■ **Task requirements**:
Exactly reproduce each entry, leaving out nothing.

■ **Dataset excerpts**:
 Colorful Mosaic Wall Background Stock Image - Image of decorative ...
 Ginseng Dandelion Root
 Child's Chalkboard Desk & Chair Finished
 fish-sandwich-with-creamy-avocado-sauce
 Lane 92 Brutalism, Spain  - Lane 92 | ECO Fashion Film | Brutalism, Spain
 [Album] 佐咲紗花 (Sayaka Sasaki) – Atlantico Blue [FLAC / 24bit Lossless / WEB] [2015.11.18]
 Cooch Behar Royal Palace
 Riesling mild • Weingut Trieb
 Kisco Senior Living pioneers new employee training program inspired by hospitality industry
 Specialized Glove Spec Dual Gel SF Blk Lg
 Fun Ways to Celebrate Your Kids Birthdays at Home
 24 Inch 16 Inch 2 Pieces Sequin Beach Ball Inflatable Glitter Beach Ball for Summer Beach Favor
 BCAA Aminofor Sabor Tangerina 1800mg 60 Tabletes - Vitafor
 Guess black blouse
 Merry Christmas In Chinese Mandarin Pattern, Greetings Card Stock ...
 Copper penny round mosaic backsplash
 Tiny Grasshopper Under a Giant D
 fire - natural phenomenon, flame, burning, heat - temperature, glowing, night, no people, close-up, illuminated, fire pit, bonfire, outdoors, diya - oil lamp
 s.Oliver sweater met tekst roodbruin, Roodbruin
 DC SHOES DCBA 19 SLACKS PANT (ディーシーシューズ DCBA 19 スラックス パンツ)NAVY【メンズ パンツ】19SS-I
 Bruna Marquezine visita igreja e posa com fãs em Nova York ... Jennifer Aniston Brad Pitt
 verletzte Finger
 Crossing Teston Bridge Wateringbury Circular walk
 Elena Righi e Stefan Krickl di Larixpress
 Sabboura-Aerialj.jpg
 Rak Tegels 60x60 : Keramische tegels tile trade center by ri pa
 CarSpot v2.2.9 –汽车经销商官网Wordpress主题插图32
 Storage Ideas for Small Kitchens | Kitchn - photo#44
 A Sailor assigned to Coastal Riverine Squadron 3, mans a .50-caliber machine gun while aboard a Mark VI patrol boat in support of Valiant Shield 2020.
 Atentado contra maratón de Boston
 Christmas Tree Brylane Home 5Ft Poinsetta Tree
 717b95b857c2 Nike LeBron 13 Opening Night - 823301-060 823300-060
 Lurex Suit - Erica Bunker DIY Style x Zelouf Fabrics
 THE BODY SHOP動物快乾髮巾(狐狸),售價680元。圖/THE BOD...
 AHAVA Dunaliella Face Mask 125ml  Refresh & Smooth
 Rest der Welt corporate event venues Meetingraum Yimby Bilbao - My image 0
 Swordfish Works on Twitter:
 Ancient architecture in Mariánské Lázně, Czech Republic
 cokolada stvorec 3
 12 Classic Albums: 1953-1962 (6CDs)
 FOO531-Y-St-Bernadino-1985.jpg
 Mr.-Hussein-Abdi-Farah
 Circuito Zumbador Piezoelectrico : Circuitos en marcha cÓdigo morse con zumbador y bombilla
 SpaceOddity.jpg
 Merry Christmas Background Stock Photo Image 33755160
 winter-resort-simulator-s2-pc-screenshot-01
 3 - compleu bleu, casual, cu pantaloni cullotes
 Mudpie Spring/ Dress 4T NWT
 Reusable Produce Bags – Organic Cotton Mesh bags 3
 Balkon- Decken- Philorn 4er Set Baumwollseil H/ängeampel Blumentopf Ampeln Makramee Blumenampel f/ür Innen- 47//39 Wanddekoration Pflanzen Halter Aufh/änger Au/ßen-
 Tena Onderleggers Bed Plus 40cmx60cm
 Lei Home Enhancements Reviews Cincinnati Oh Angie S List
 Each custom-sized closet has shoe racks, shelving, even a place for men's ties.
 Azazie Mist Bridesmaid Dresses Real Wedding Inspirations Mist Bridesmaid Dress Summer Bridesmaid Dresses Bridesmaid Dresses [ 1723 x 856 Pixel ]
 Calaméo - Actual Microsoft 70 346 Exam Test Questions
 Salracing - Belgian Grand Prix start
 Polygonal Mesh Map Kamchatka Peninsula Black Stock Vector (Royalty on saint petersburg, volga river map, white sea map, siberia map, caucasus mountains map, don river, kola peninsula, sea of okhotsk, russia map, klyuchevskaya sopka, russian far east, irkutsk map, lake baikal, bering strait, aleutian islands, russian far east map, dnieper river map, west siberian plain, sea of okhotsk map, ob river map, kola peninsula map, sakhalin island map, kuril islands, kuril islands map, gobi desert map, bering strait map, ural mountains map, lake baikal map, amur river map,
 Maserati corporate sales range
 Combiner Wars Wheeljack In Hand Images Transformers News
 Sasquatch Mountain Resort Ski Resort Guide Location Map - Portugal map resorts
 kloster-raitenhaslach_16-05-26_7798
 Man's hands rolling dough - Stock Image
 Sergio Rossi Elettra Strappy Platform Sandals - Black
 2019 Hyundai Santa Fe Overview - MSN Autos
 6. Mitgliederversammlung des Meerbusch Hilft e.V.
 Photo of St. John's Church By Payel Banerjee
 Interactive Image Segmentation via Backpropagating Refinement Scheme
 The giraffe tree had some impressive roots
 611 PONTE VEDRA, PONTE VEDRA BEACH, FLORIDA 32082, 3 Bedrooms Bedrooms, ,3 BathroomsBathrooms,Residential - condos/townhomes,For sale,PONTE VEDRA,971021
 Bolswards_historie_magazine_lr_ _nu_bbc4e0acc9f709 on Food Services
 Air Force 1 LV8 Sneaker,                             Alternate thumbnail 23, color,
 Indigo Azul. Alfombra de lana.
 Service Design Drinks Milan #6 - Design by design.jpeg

■ **The completed task**:
 Colorful Mosaic Wall Background Stock Image - Image of decorative ...
 Ginseng Dandelion Root
 Child's Chalkboard Desk & Chair Finished
 fish-sandwich-with-creamy-avocado-sauce
 Lane 92 Brutalism, Spain  - Lane 92 | ECO Fashion Film | Brutalism, Spain
 [Album] 佐咲紗花 (Sayaka Sasaki) – Atlantico Blue [FLAC / 24bit Lossless / WEB] [2015.11.18]
 Cooch Behar Royal Palace
 Riesling mild • Weingut Trieb
 Kisco Senior Living pioneers new employee training program inspired by hospitality industry
 Specialized Glove Spec Dual Gel SF Blk Lg
 Fun Ways to Celebrate Your Kids Birthdays at Home
 24 Inch 16 Inch 2 Pieces Sequin Beach Ball Inflatable Glitter Beach Ball for Summer Beach Favor
 BCAA Aminofor Sabor Tangerina 1800mg 60 Tabletes - Vitafor
 Guess black blouse
 Merry Christmas In Chinese Mandarin Pattern, Greetings Card Stock ...
 Copper penny round mosaic backsplash
 Tiny Grasshopper Under a Giant D
 fire - natural phenomenon, flame, burning, heat - temperature, glowing, night, no people, close-up, illuminated, fire pit, bonfire, outdoors, diya - oil lamp
 s.Oliver sweater met tekst roodbruin, Roodbruin
 DC SHOES DCBA 19 SLACKS PANT (ディーシーシューズ DCBA 19 スラックス パンツ)NAVY【メンズ パンツ】19SS-I
 Bruna Marquezine visita igreja e posa com fãs em Nova York ... Jennifer Aniston Brad Pitt
 verletzte Finger
 Crossing Teston Bridge Wateringbury Circular walk
 Elena Righi e Stefan Krickl di Larixpress
 Sabboura-Aerialj.jpg
 Rak Tegels 60x60 : Keramische tegels tile trade center by ri pa
 CarSpot v2.2.9 –汽车经销商官网Wordpress主题插图32
 Storage Ideas for Small Kitchens | Kitchn - photo#44
 A Sailor assigned to Coastal Riverine Squadron 3, mans a .50-caliber machine gun while aboard a Mark VI patrol boat in support of Valiant Shield 2020.
 Atentado contra maratón de Boston
 Christmas Tree Brylane Home 5Ft Poinsetta Tree
 717b95b857c2 Nike LeBron 13 Opening Night - 823301-060 823300-060
 Lurex Suit - Erica Bunker DIY Style x Zelouf Fabrics
 THE BODY SHOP動物快乾髮巾(狐狸),售價680元。圖/THE BOD...
 AHAVA Dunaliella Face Mask 125ml  Refresh & Smooth
 Rest der Welt corporate event venues Meetingraum Yimby Bilbao - My image 0
 Swordfish Works on Twitter:
 Ancient architecture in Mariánské Lázně, Czech Republic
 cokolada stvorec 3
 12 Classic Albums: 1953-1962 (6CDs)
 FOO531-Y-St-Bernadino-1985.jpg
 Mr.-Hussein-Abdi-Farah
 Circuito Zumbador Piezoelectrico : Circuitos en marcha cÓdigo morse con zumbador y bombilla
 SpaceOddity.jpg
 Merry Christmas Background Stock Photo Image 33755160
 winter-resort-simulator-s2-pc-screenshot-01
 3 - compleu bleu, casual, cu pantaloni cullotes
 Mudpie Spring/ Dress 4T NWT
 Reusable Produce Bags – Organic Cotton Mesh bags 3
 Balkon- Decken- Philorn 4er Set Baumwollseil H/ängeampel Blumentopf Ampeln Makramee Blumenampel f/ür Innen- 47//39 Wanddekoration Pflanzen Halter Aufh/änger Au/ßen-
 Tena Onderleggers Bed Plus 40cmx60cm
 Lei Home Enhancements Reviews Cincinnati Oh Angie S List
 Each custom-sized closet has shoe racks, shelving, even a place for men's ties.
 Azazie Mist Bridesmaid Dresses Real Wedding Inspirations Mist Bridesmaid Dress Summer Bridesmaid Dresses Bridesmaid Dresses [ 1723 x 856 Pixel ]
 Calaméo - Actual Microsoft 70 346 Exam Test Questions
 Salracing - Belgian Grand Prix start
 Polygonal Mesh Map Kamchatka Peninsula Black Stock Vector (Royalty on saint petersburg, volga river map, white sea map, siberia map, caucasus mountains map, don river, kola peninsula, sea of okhotsk, russia map, klyuchevskaya sopka, russian far east, irkutsk map, lake baikal, bering strait, aleutian islands, russian far east map, dnieper river map, west siberian plain, sea of okhotsk map, ob river map, kola peninsula map, sakhalin island map, kuril islands, kuril islands map, gobi desert map, bering strait map, ural mountains map, lake baikal map, amur river map,
 Maserati corporate sales range
 Combiner Wars Wheeljack In Hand Images Transformers News
 Sasquatch Mountain Resort Ski Resort Guide Location Map - Portugal map resorts
 kloster-raitenhaslach_16-05-26_7798
 Man's hands rolling dough - Stock Image
 Sergio Rossi Elettra Strappy Platform Sandals - Black
 2019 Hyundai Santa Fe Overview - MSN Autos
 6. Mitgliederversammlung des Meerbusch Hilft e.V.
 Photo of St. John's Church By Payel Banerjee
 Interactive Image Segmentation via Backpropagating Refinement Scheme
 The giraffe tree had some impressive roots
 611 PONTE VEDRA, PONTE VEDRA BEACH, FLORIDA 32082, 3 Bedrooms Bedrooms, ,3 BathroomsBathrooms,Residential - condos/townhomes,For sale,PONTE VEDRA,971021
 Bolswards_historie_magazine_lr_ _nu_bbc4e0acc9f709 on Food Services
 Air Force 1 LV8 Sneaker,                             Alternate thumbnail 23, color,
 Indigo Azul. Alfombra de lana.
 Service Design Drinks Milan #6 - Design by design.jpeg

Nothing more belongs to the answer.